Big Joe Turner singles chronology
| "Well All Right" (1954) | "Flip, Flop and Fly" (1955) | "Hide and Seek" (1955) |

= Flip, Flop and Fly =

"Flip, Flop and Fly" is a song recorded by Big Joe Turner in 1955. Called a "prototypical rocker", it was recorded by several early
rock and roll performers. In 1973, a version by the Downchild Blues Band reached the record singles chart in Canada.

==Original song==
"Flip, Flop and Fly" has an arrangement similar to Big Joe Turner's 1954 number 1 R&B chart hit "Shake, Rattle and Roll". Music critic Cub Koda suggests that "leftover verses [from the 'Shake, Rattle and Roll' recording session] were then recycled into Turner's follow-up hit, 'Flip, Flop and Fly. Both are up-tempo twelve-bar blues with a strong backbeat. "Flip, Flop and Fly" reached number 2 on Billboard magazine's R&B chart in 1955, less than one year after "Shake, Rattle and Roll".

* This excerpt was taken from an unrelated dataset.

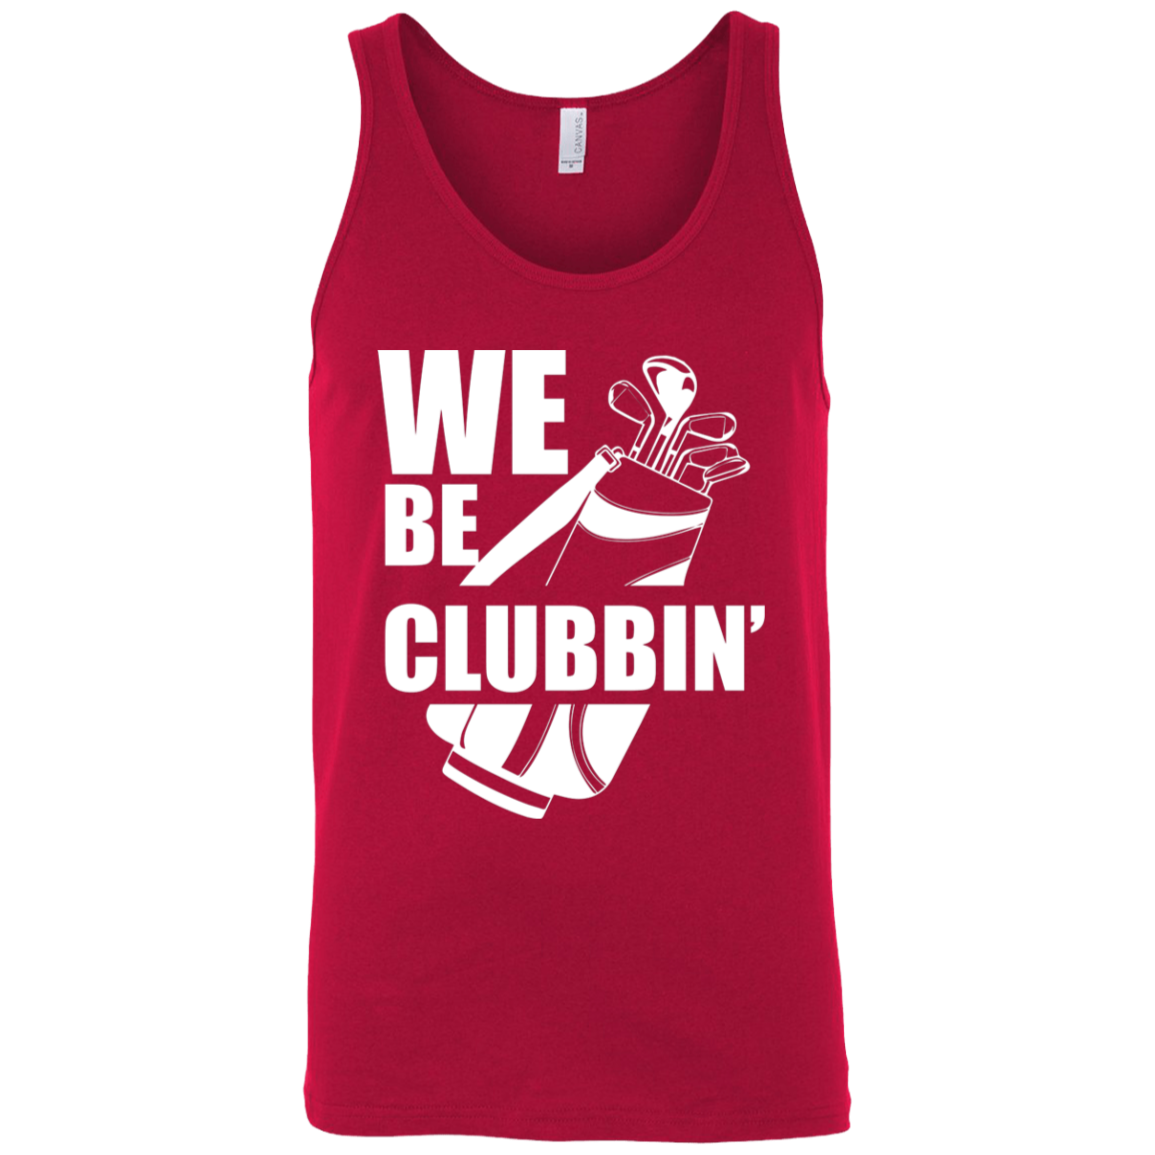 We Be Clubbin' Tank Top Apparel - The Beer Lodge

Accompanying Turner on vocals are the song's co-writer Jesse Stone on piano, Al Sears on tenor sax, Connie Kay on drums, and unidentified trumpet, alto sax, baritone sax, guitar, and bass players. Turner subsequently recorded several live versions of the song.

==Other notable versions==
On January 28th, 1956, Elvis Presley performed a medley of the song along with "Shake, Rattle and Roll" on CBS's The Dorsey Brothers Stage Show as part of his television debut. In 1973 and 1974 he also frequently performed the song within medleys with other famous rock and roll classics.

In 1973, a rendition by the Canadian Downchild Blues Band reached number 35 on the RPM 100 singles chart. It was the first, and highest ranked, of four songs on the Canadian charts and is included on their second album Straight Up (1974), In 1978, a rendition by the American the Blues Brothers appeared on their album Briefcase Full of Blues. In 2000, a rendition by the American Ellis Hall was used on the soundtrack of the 2000 animated comedy film, Chicken Run.